Almou M, Bennani S, Zerouali N
Service des Urgences Viscérales, CHU IBN Rochd, Casablanca, Maroc.
J Chir (Paris). 1990 Jun-Jul;127(6-7):341-6.
Concerning one case of cyst developing from embryological remnants in the retro-rectal space, the characteristics of these rare tumors are reviewed. The congenital cysts group is formed by teratomas and developmental cysts. Often they are uncovered when they become septic or when they compress adjoining organs. Computed tomography scan has proved valuable in the diagnosis of these lesions. But the precise diagnosis of a congenital cyst can only be made by pathological examination of the specimen after surgical removal.

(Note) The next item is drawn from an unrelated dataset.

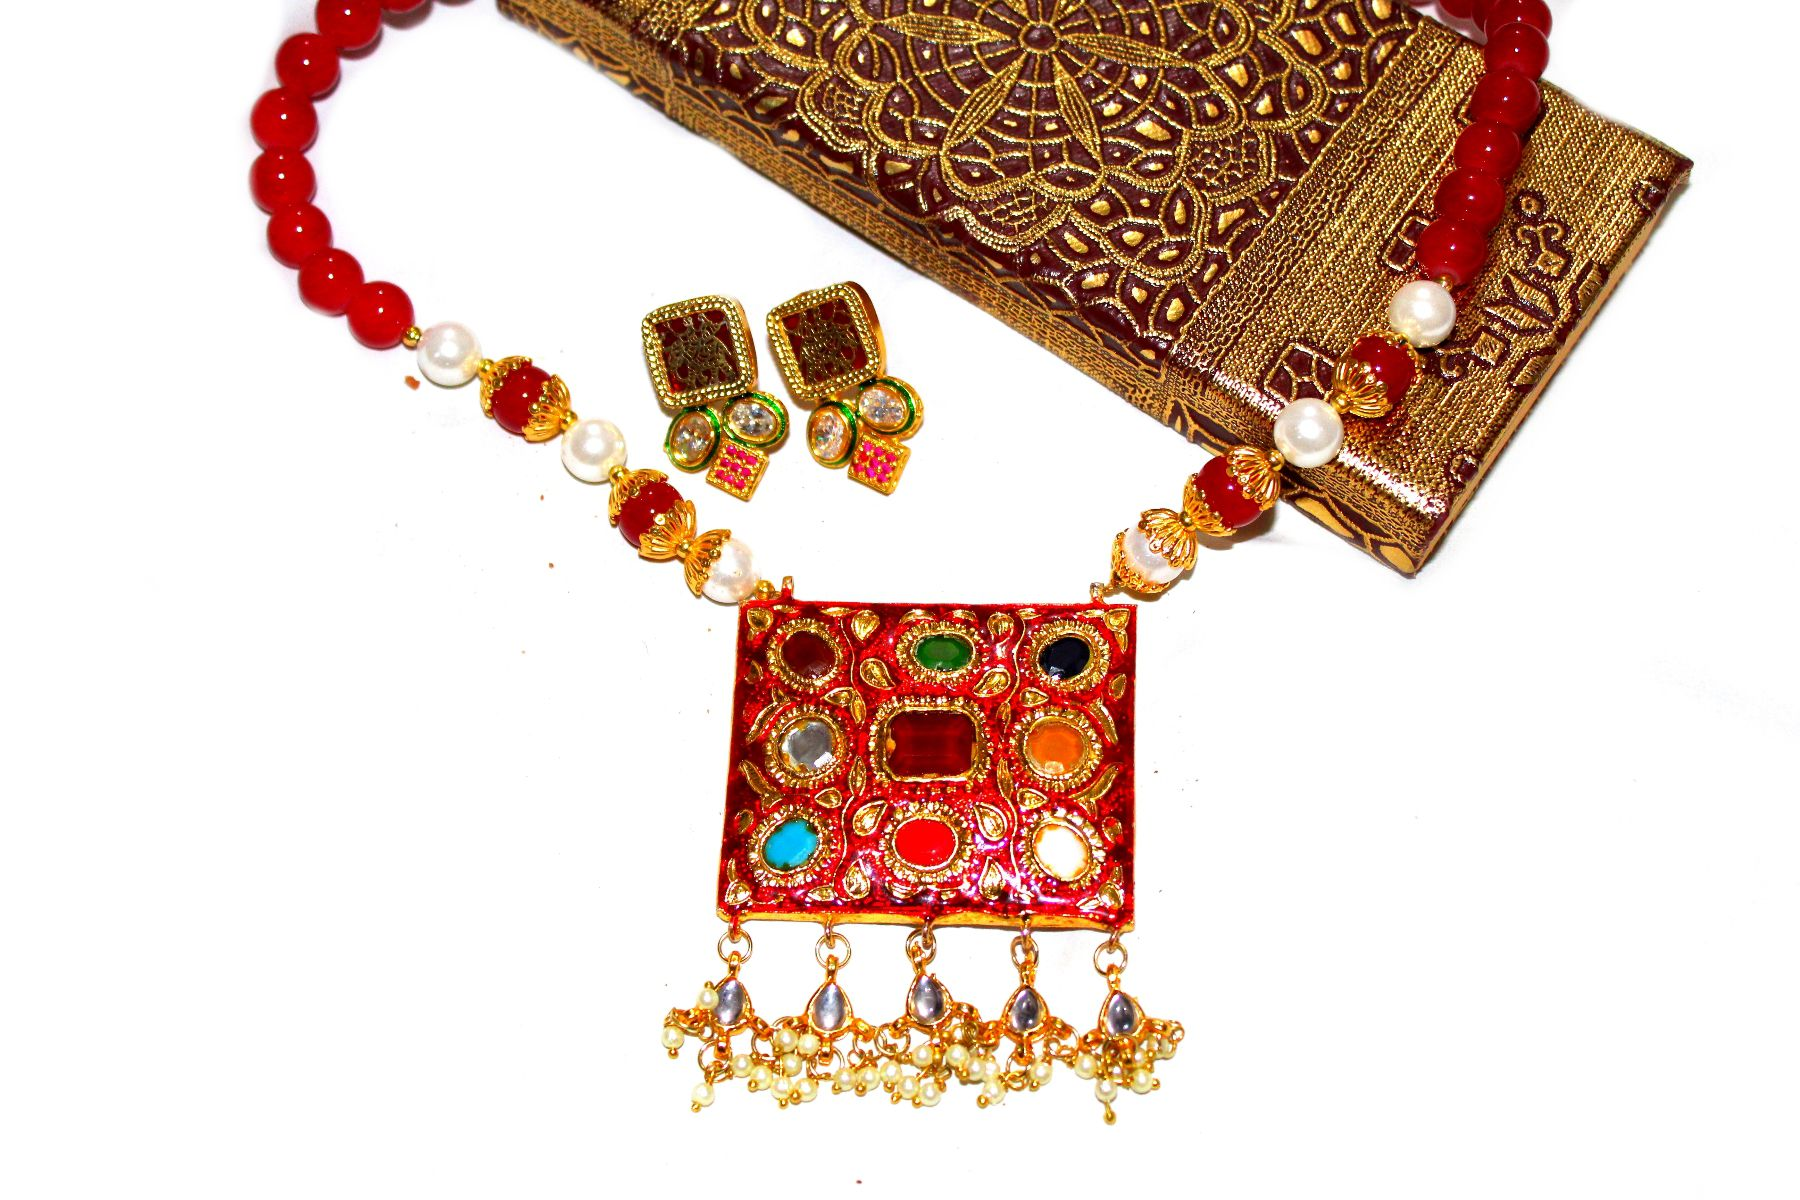 Designer Meenakari Dual Sided Padmavati Necklace and Earrings set by
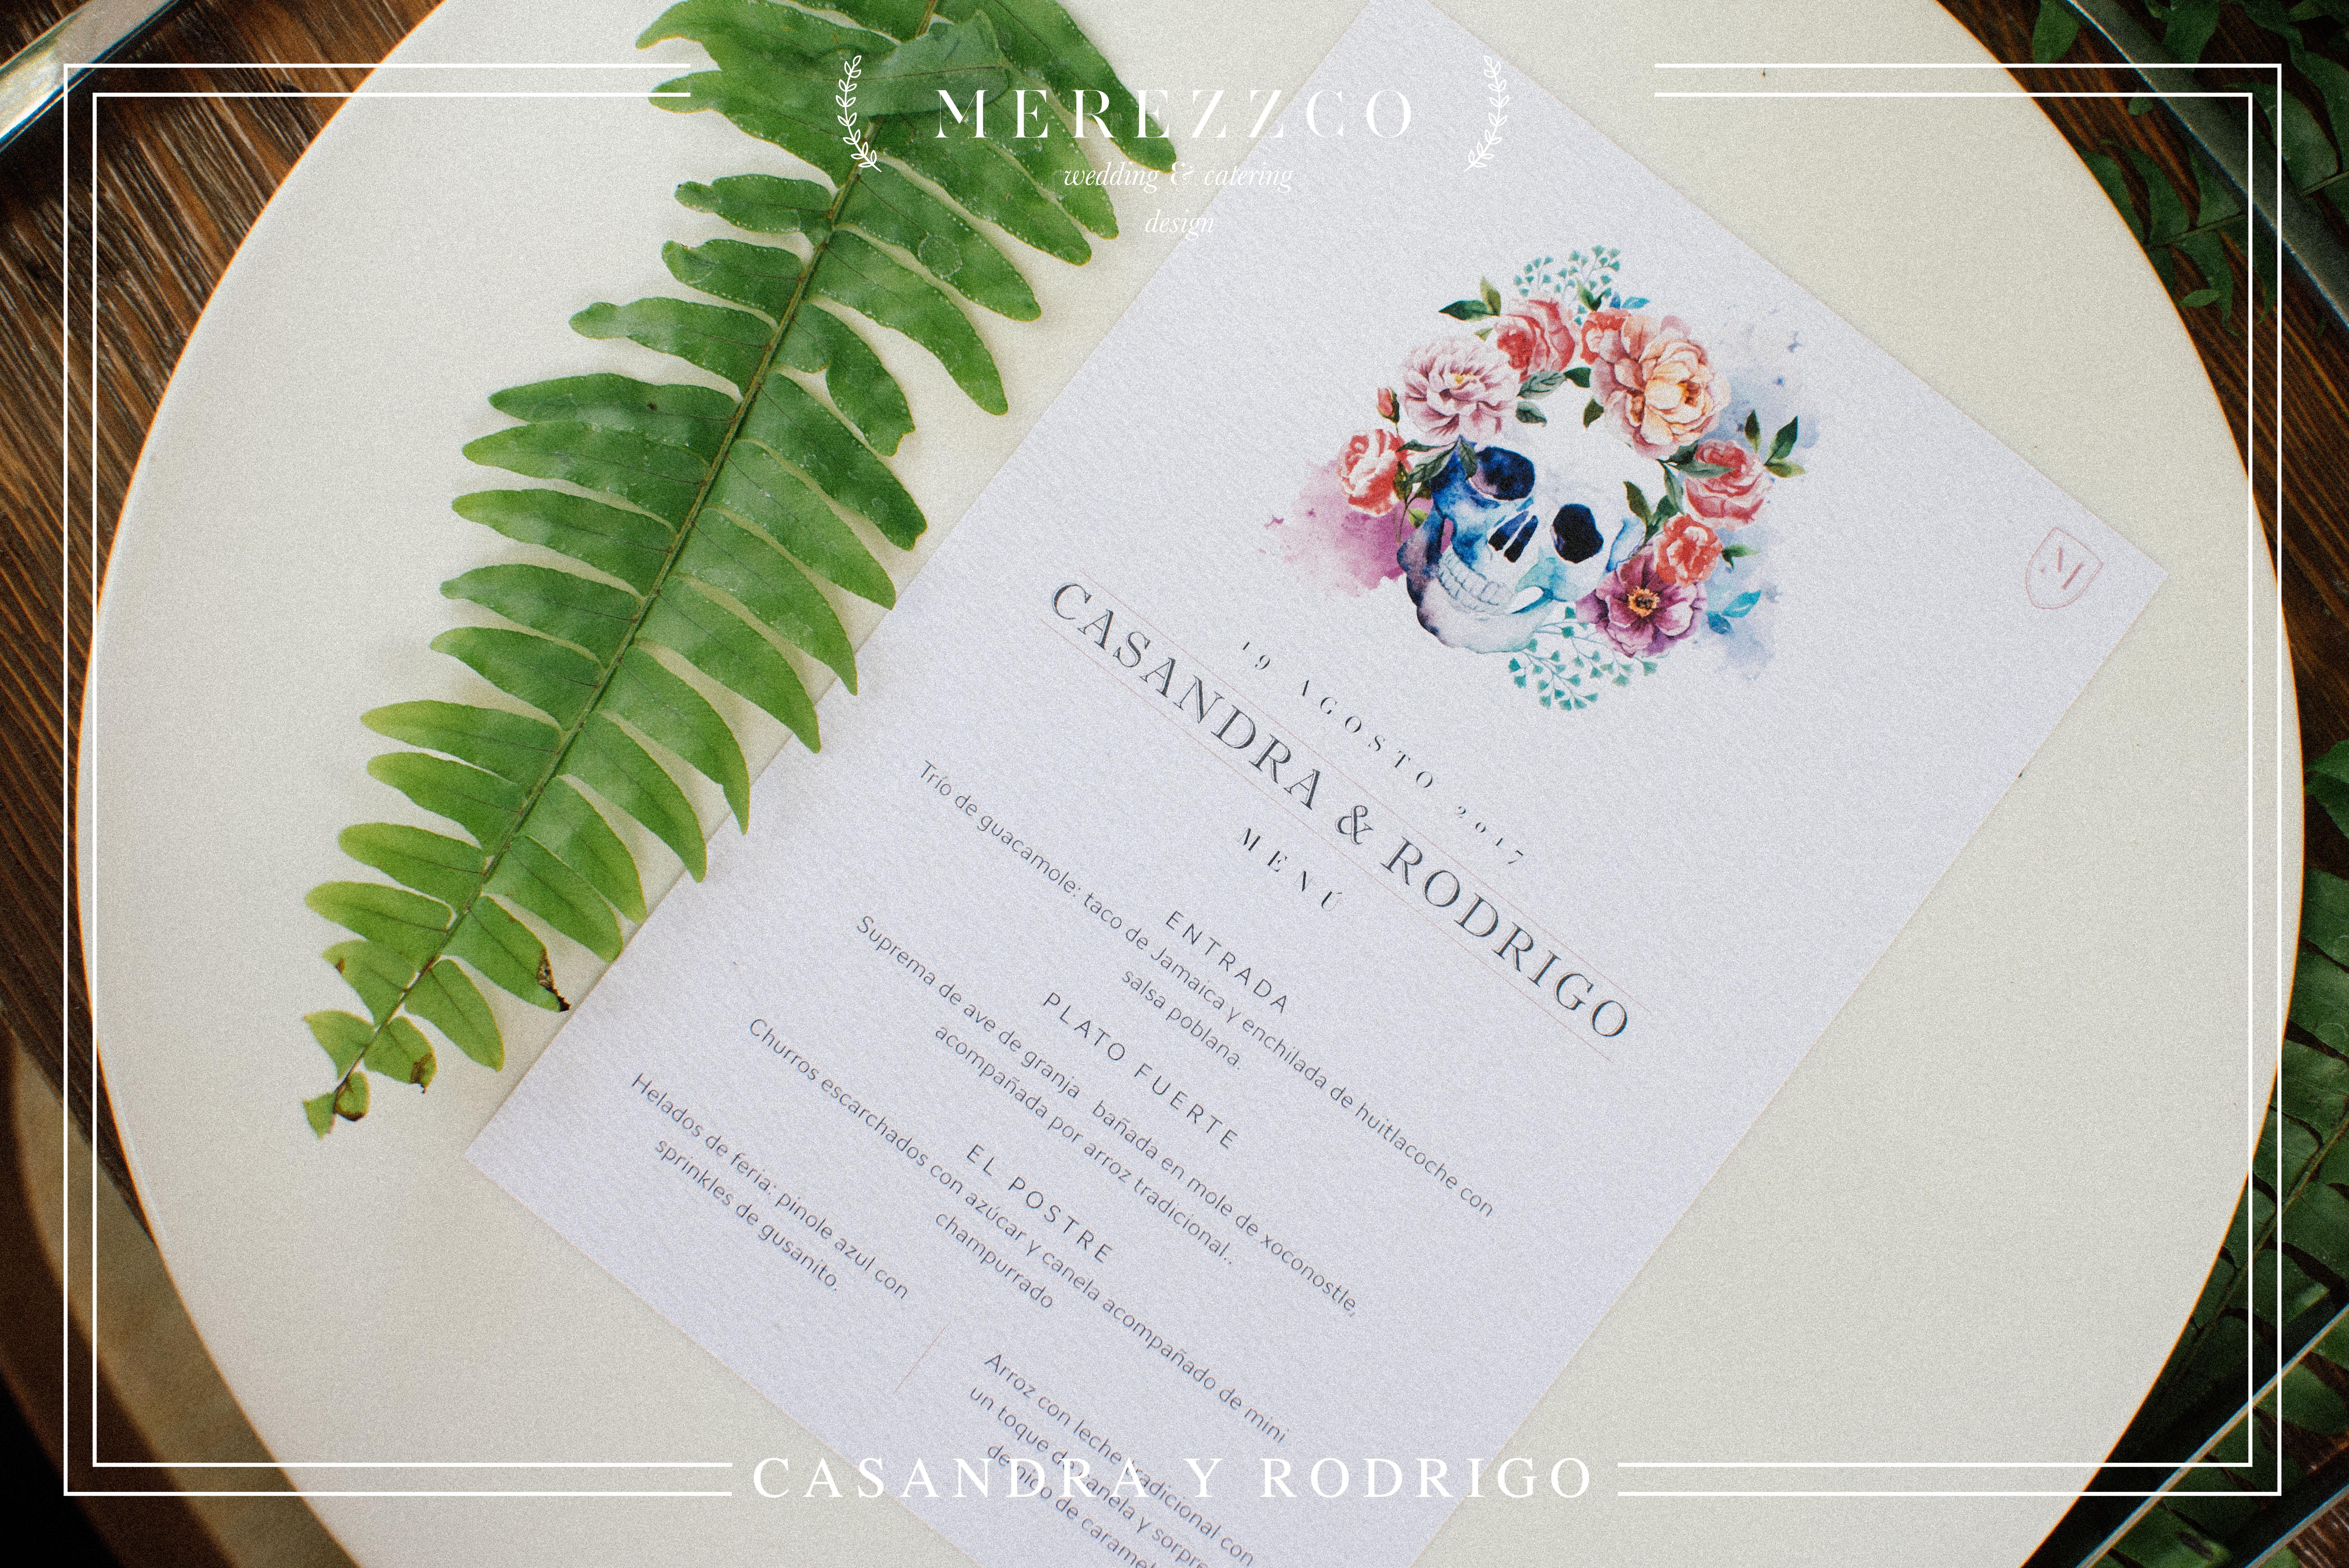 Casandra y Rodrigo 4

The possibility of malignant degeneration implies the systematic extirpation of any known pre-sacral cyst or tumor. Kraske's trans-sacral approach gives good access to the retro-rectal space. Sometimes, pelvic spread of these lesions requires the use of the abdominal approach. The prognosis for benign tumors is good, but it is poor for malignant tumors.
关于1例源于直肠后间隙胚胎残余组织的囊肿病例,对这些罕见肿瘤的特征进行了综述。先天性囊肿组由畸胎瘤和发育性囊肿组成。它们常在发生感染或压迫邻近器官时被发现。计算机断层扫描已被证明对这些病变的诊断有价值。但先天性囊肿的准确诊断只能通过手术切除标本的病理检查来确定。恶性变的可能性意味着要对任何已知的骶前囊肿或肿瘤进行系统性切除。克拉斯克经骶骨入路能很好地进入直肠后间隙。有时,这些病变的盆腔扩散需要采用腹部入路。良性肿瘤的预后良好,但恶性肿瘤的预后较差。